A while back I was rear ended by a guy from Vera Cruz. We talked during our seemingly interminable wait for the police to show up and take a report. He was a nice guy, and I had a chance to practice my Spanish, which still isn’t horrendous vocabulary wise despite my accent clearly belongs to an English speaking guero con piel el color de papel. His truck was insured, thankfully, but not him. It was his boss’s truck, and we had to wait for the boss’s wife to arrive and resolve the issue with the policia, though that was due to my Vera Cruz friend being neither legally licensed nor legally in the country. To my knowledge, nobody was deported, but I did see a few nervous glances made by my new Mexican amigo.
El jefe’s esposa, when she arrived, left her 2 year old daughter in the back of her fancy BMW while we worked through the report. It was safer there than on the side of the freeway, even in the rush hour traffic. At one point the boss’s wife mentioned, “I never wanted to be one of those moms who just hands her kid an iPad to shut her up, yet so often that’s exactly what I do.”
That’s a fight I know well. We’ve battled it in our home for years, wrestling with how much TV and games to allow our kids to watch. I know we’re supposed to sacrifice everything to make our bratty little brood transform into people with a little more dignity and grace than they show now, which currently more closely resembles The Jerry Springer Show than Downton Abbey. Plenty of people will claim that each minute we expose then to television’s infectious minds altering invisible moonbeams makes them more likely to toil away the rest of their lives in America’s dirtiest trailer parks, but gosh darn if we don’t need a break every now and then.
It’s especially hard with Finley, who all but loses control if he can’t see a responsible adult for five seconds when he’s not engrossed in a show. Anxiety runs heavily in our family, and he seems to have gotten an extra dose. At some point we’ll just throw up the white flag and turn on Phineas and Ferb or My Little Pony to endless Netflix loops. It’s that or face the screams (or worse — wanton destruction as has been documented on Facebook and will be mentioned more in a post to come). Sometimes the screens just have to run to keep me from jumping in the car and running off to some place really terrible. Like Kansas.

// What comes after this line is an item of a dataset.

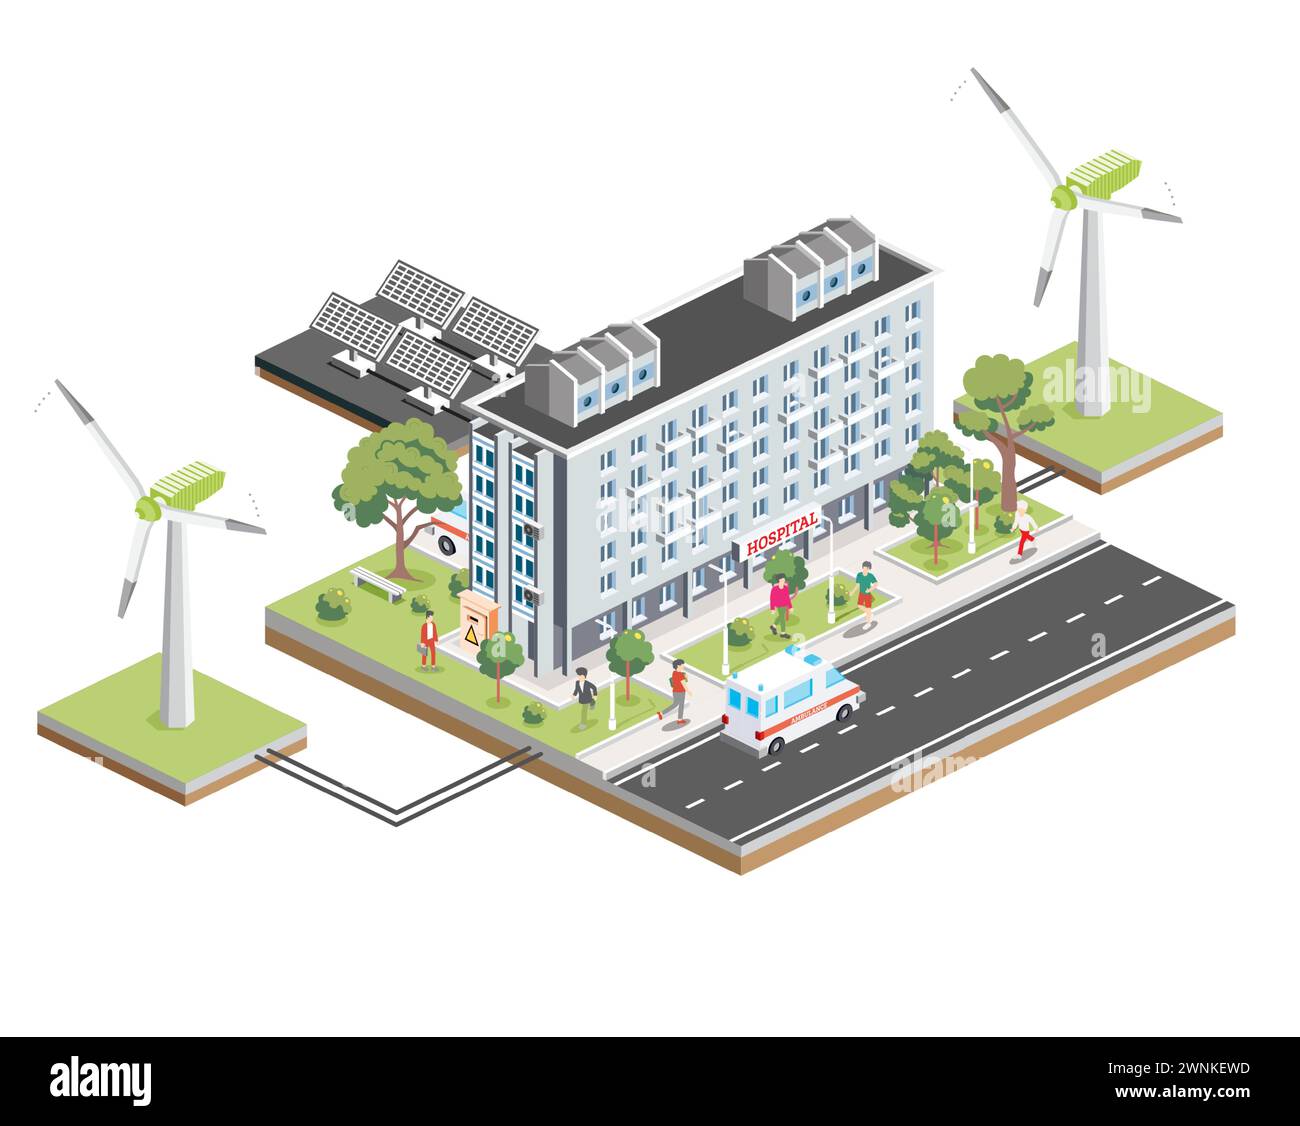 Isometric building of hospital with solar panels and wind turbines. Vector illustration. City clinic. Architectural symbol isolated on white. Stock Vector

It’s gotten both better and worse with the iPads. With our current set up, we can hand them both their own personal screen, which will stop the infighting for just a few minutes. At least until the battery runs out on one of the devices. Then it’s a battle royale to see who gets the remaining device. It has helped though, at least with the screaming in the car (which I’ve reserved an entire post to discuss at a later date).
Does all this make us bad parents? I’m 100% positive that I can find a healthy number of people who says it does, even without invoking Rule 43. Though I could probably just as easily find a decent number who claim that NOT letting them use their iPads will lead to their eminent death, since the only thing more widely spread around the internet than porn and politics (which, in some ways, are one in the same) is conflicting parenting advice.
I figure it can’t be too bad, anyway. Cumulatively, I spent at least a year of my life growing up raised by the combined parenting prowess of Atari and Nintendo, and not because my parents were were trying to outsource responsibility to game makers. Now I’m an accountant. And believe it or not, there are worse outcomes than that.
So I don’t know. We could probably do better about this whole screen time thing, though I’m not sure I’d survive. Maybe if I posted pictures around my office of Kansas’ world famous mountain ranges it’d help keep me tethered, help me realize that despite the blood curdling outbursts every time I so much as close the door to go to the bathroom, my life could be so much worse.